The figure to the right depicts a call flow for mobile-terminated Short Message delivery.[1] For the sake of simplicity, some of the interactions between the VMSC and VLR, and VMSC and Handset, have been omitted, and only the case when SMS home routing is not in use is shown.

When the SMSC determines it needs to attempt to deliver a Short Message to its destination, it will send the SMS-PP APDU containing the text message, the "B-Party" (destination phone number) and other details to the Gateway MSC (GMSC) logical component on the SMSC.[2] The GMSC, on receipt of this Short Message, needs to discover the location of the B-Party in order to be able to correctly deliver the text to the recipient (the term Gateway MSC, in this context, indicating an MSC that is obtaining routing information from the Home Location Register (HLR)). To do this, the GMSC invokes the MAP service package MAP_SEND_ROUTING_INFO_FOR_SM, which sends a sendRoutingInfoForSM (SRI-for-SM) MAP message to the destination number's HLR, requesting their present location. This SRI-for-SM message may be sent to an HLR in the same network as the SMSC, or via an interconnect to an HLR in a foreign PLMN, depending on which network the destination subscriber belongs to.

The HLR performs a database lookup to retrieve the B-Party's current location, and returns it in an acknowledgement message to the SMSC's GMSC entity. The current location may be the MSC address the subscriber is currently roaming on, the SGSN address, or both. The HLR may also return a failure, if it considers the destination to be unavailable for short messaging; see the Failed Short Message delivery section below.

Having obtained the routing information from the HLR, the GMSC will attempt to deliver the Short Message to its recipient. This is done by invoking the MAP_MT_FORWARD_SHORT_MESSAGE service, which sends a MAP mt-ForwardSM[Note 3] message to the address returned by the HLR, regardless of whether it is an MSC (Circuit Switched SMS delivery) or an SGSN (Packet Switched SMS delivery).

The VMSC will request the information needed for it to deliver the Short Message to its recipient by sending a Send_Info_for_MT_SMS message to the VLR. The VLR will then instigate a page request, or subscriber search, for the destination subscribers Mobile Subscriber ISDN Number (MSISDN), and return the result to the VMSC. Since a typical deployment sees the VLR being co-located with the MSC, this message flow is usually internal to the platform.[Note 4] Should the page or search for the subscriber fail, the VLR will indicate the failure cause to the VMSC, which will abort the Short Message delivery procedure and return the failure to the SMSC (see the Failed Short Message delivery section below). If the page of the handset was successful, the VMSC will then send to the SMSC indicating successful delivery. The GMSC component of the SMSC passes the result of the delivery attempt to the Service Centre.

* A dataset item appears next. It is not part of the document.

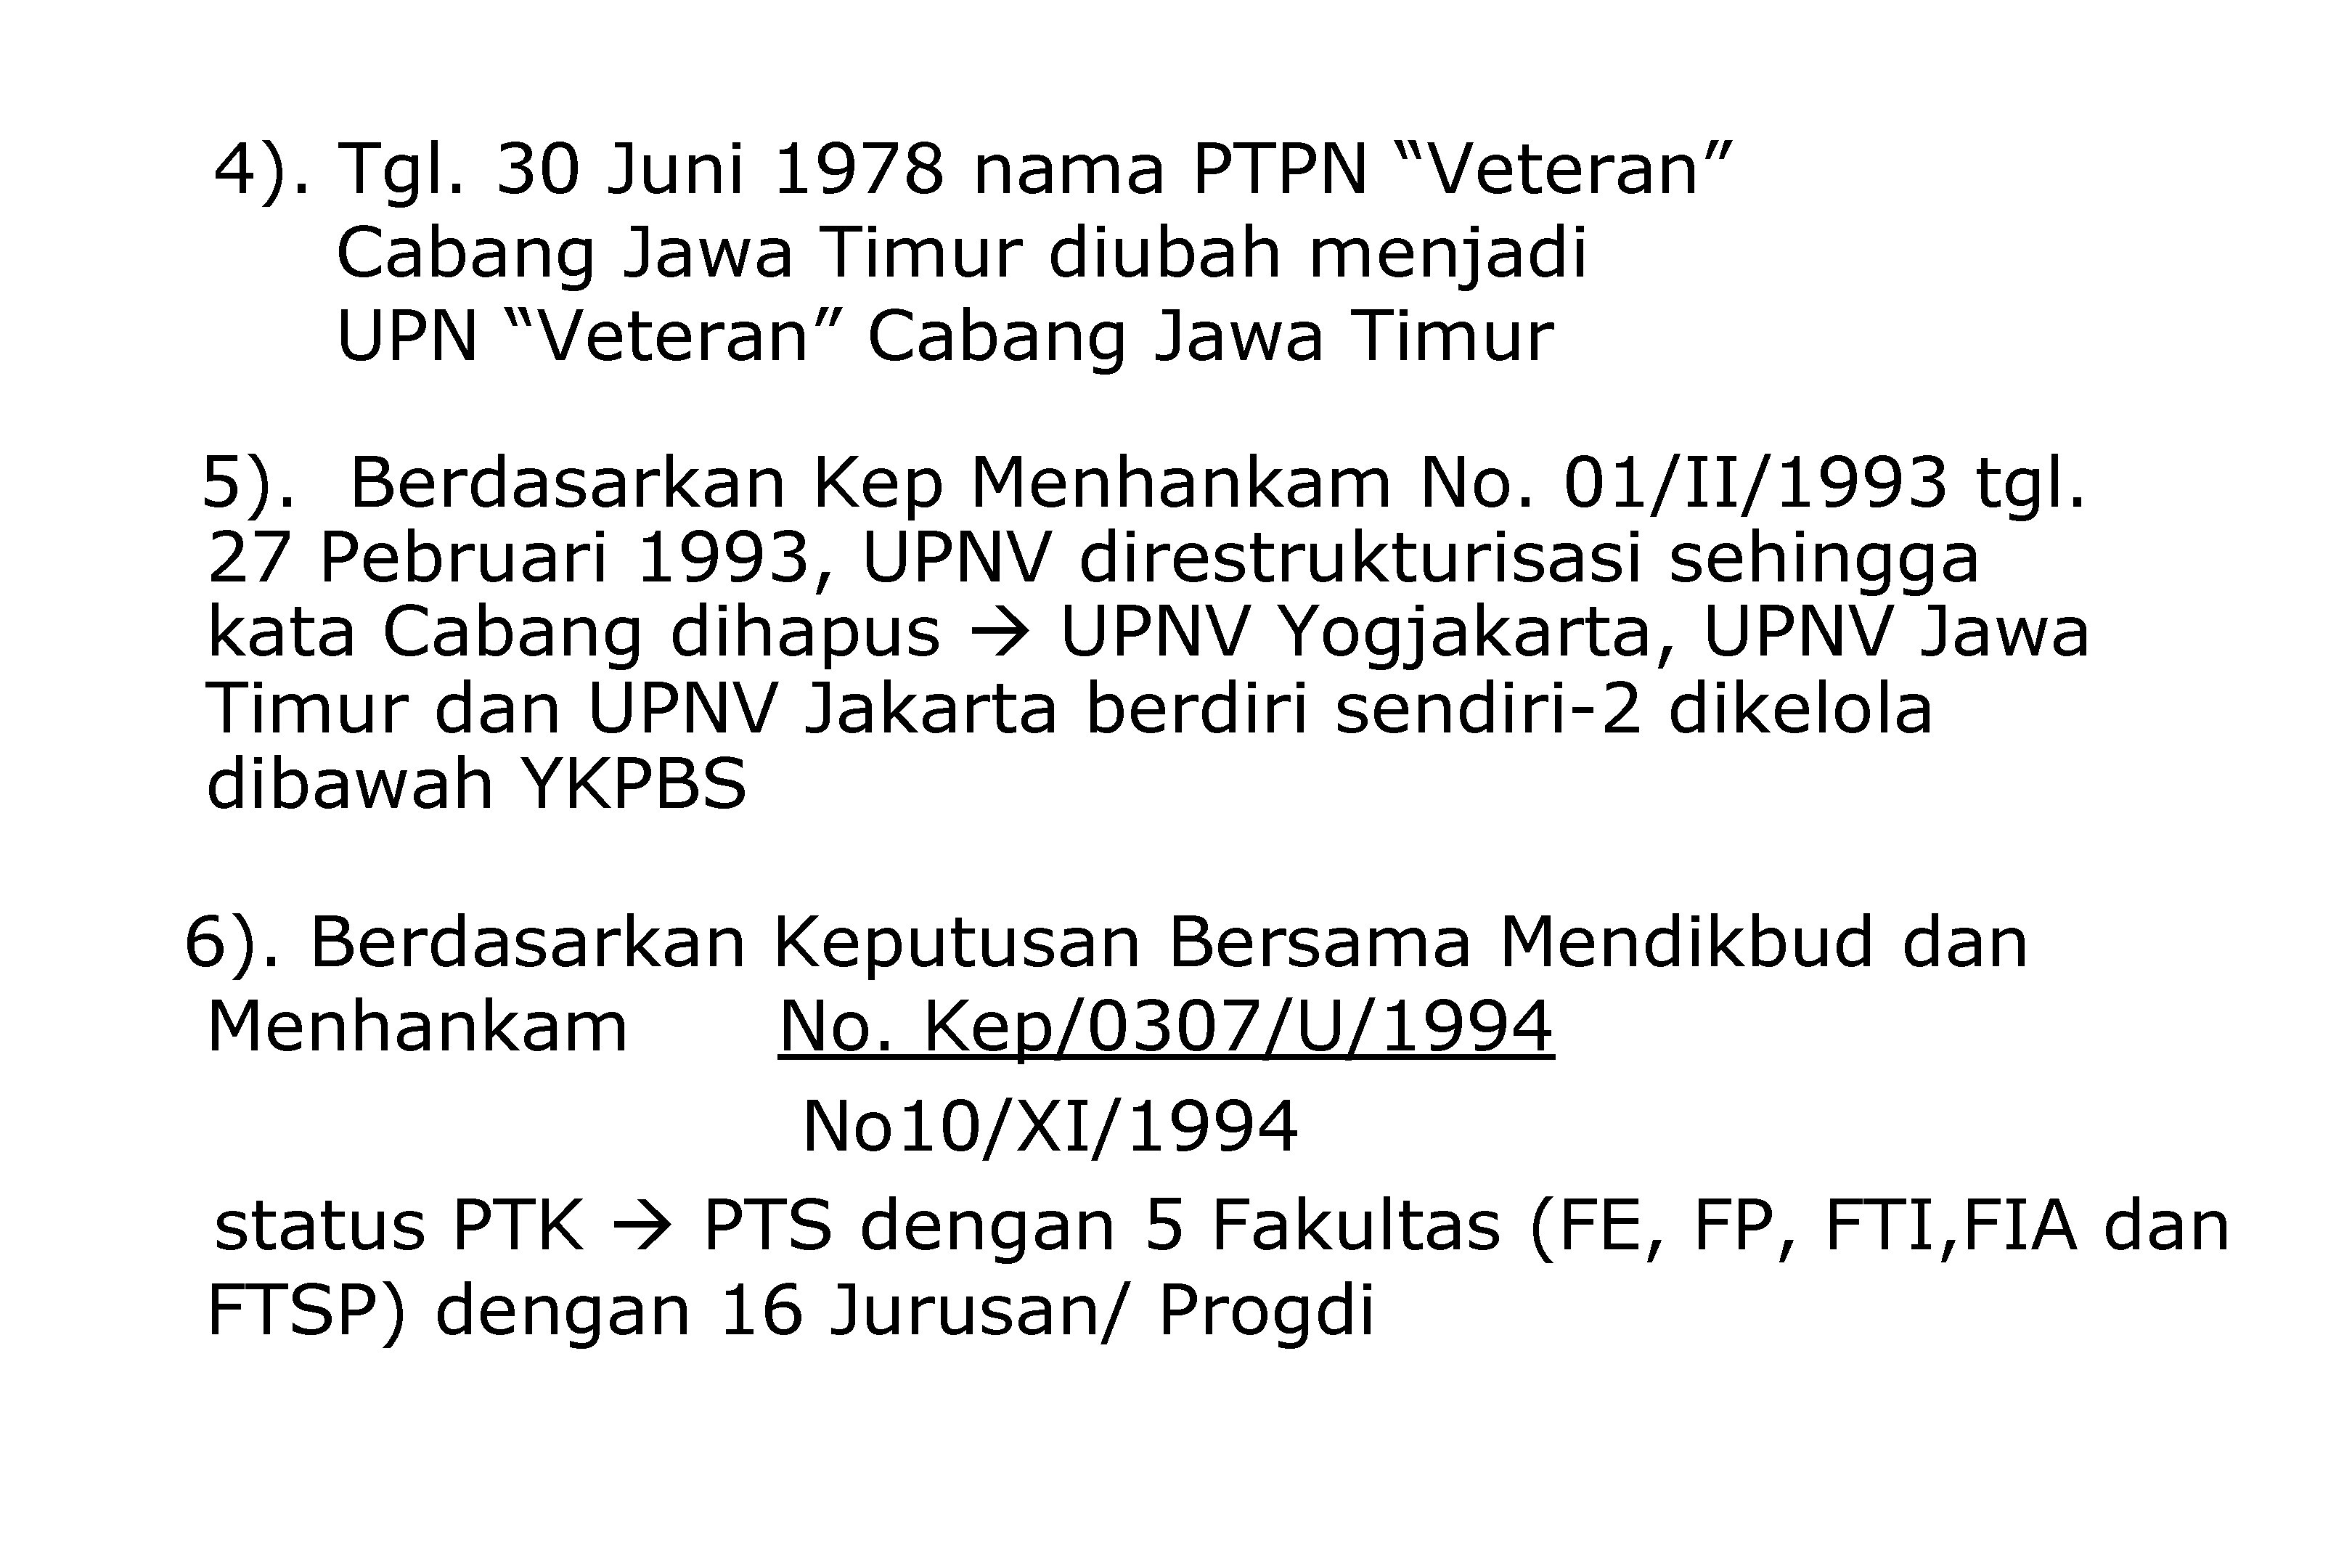 4). Tgl. 30 Juni 1978 nama PTPN “Veteran” Cabang Jawa Timur diubah menjadi UPN

In the case of successful delivery, the delivered text message will be removed from the Store and Forward Engine (SFE) and, if requested, a delivery report sent to the text originator.[2] If the delivery failed, the SMSC invokes a retry procedure to periodically make further attempts at delivery; additionally, it may register with the HLR to receive a notification when the B-Party becomes available for Short Message delivery in the future (see the Failed Short Message delivery section below).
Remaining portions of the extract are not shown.